Title: The Pirate Slayers: Ghost Waves
Author: W. Everett Prusso
Publisher: WiDo Publishing
Release Date: October 20, 2009
Size: 288 pages, 6×9 Hardcover
In the winter of 1846, 238 pioneers leave New York City for a voyage that would take them twenty-six thousand miles around South America to Honolulu, and to their final destination, San Francisco. On a warm, sultry, moonless night, off the coast of Brazil, four teenage passengers inadvertently fall overboard. Thomas, Elizabeth, Nicole and their Australian sailor friend, Matthew, find themselves stranded in dangerous waters. The Caribbean Sea and South Pacific are the backdrops for this adventure that pits the foursome in desperate contests with pirates, profiteers and scoundrels as they swash-buckle their way to California.
2 thoughts on “The Pirate Slayers: Ghost Waves by W. Everett Prusso”
It seems in today’s literature it is popular to stress certain themes. Independence is a regularly pushed characteristic—especially in female characters—as well as following our hearts, no matter the circumstances, no matter the promises we’ve made. A disrespectful attitude in teenagers has become a common attribute, I suppose as a way for authors to make their characters feel more “round,” flawed, or possibly even relatable. But chastity is rarely an esteemed attribute in today’s characters. It has become unpopular, even a disappointment to some of the most ethically minded of readers.
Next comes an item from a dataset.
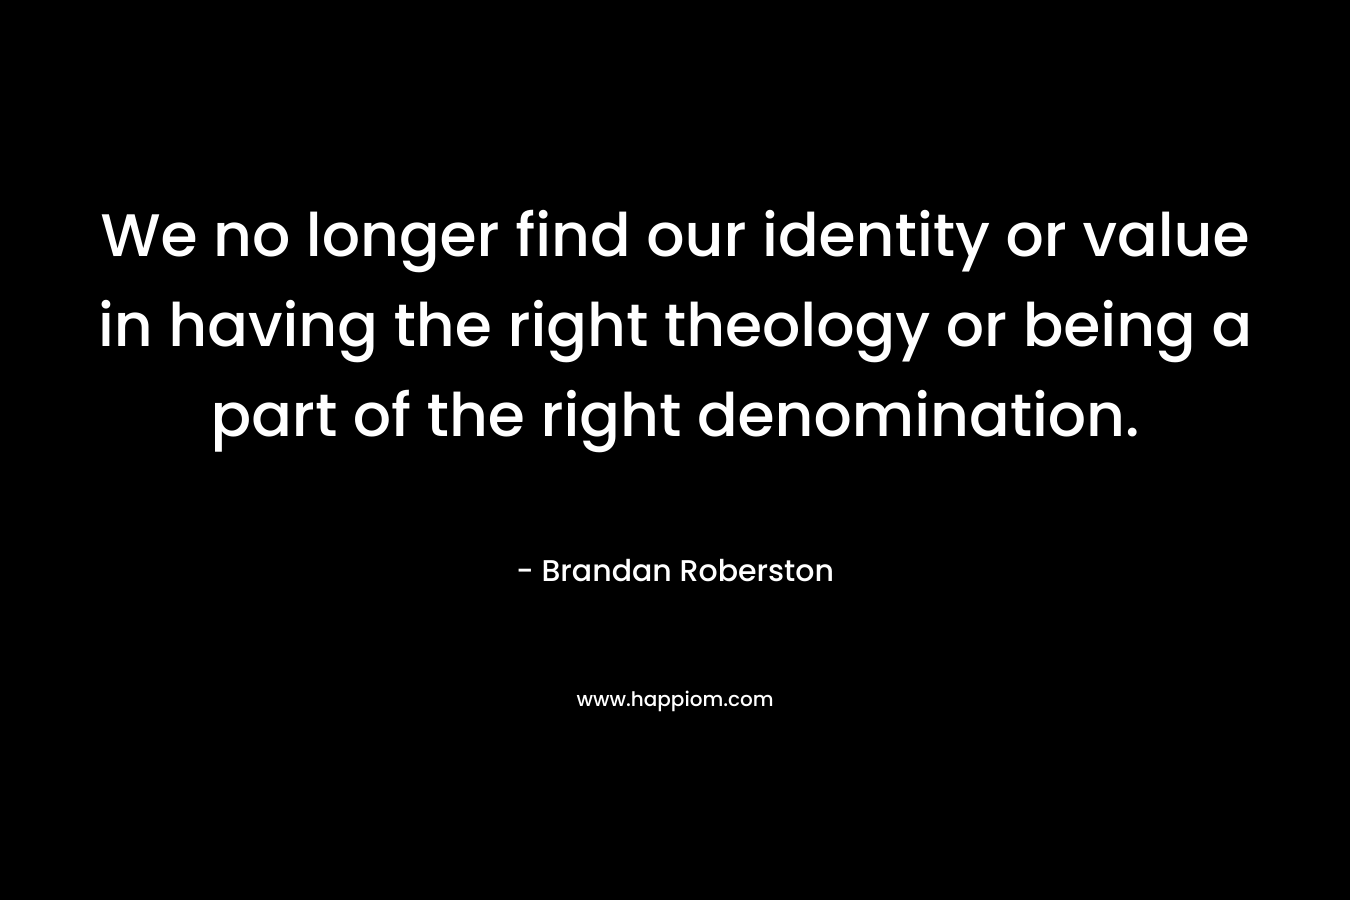 We no longer find our identity or value in having the right theology or being a part of the right denomination. – Brandan Roberston

There have been two themes in Ghost Waves that have transcended the regularly acclaimed themes of today’s fiction. 1) Ghost Waves celebrates virtue and 2) it embraces the rightfulness of keeping promises as a way of honoring our elders and parents. I don’t remember the last time I read a book with such a straightforward yet moderate celebration of “the olden day” morals. Disney’s older stories taught them well: Cinderella valued obedience, Snow White valued hard work, and Pinocchio learned honesty. Many of the more modern stories stress the necessity of “following our hearts,” no matter our commitments. But, what are we teaching our children, if their hearts yearn to cross certain boundaries? Boundaries of chastity, of obedience, of respect—to both our God and to our parents and elders?
But Ghost Waves isn’t a Sunday school lesson outlining the ways to achieve a pious heaven. It is truly an adventure, with an antagonist I absolutely adore. Vanessa Scrimshaw has to be one of my favorite antagonists I’ve read about in a long time. She is horribly cruel but you cannot help but be intrigued by her—her ruthless dedication to always be Captain and her entertaining dialogue adds the perfect zing to a book I would simply call fun.
This is a story of Mormon Pioneers sailing on the Brooklyn around South America all the way to California on the Prophet Brigham Young’s orders. But the tale is contrasted with an entertaining threat of ruthless Pirates with equally fascinating personalities. This is a book I am excited to read with my son in a couple of years (he just turned five). He’s already fascinated by the vivid artwork on the front cover. He told me he loves “those guys floating on the cover,” the ship and “the water—my most favorite color.” Little does he know that those are the Ghost Waves. I can’t wait to curl up with him and read it out loud together. It is such a fun book.
This book is so good. It's a page turner.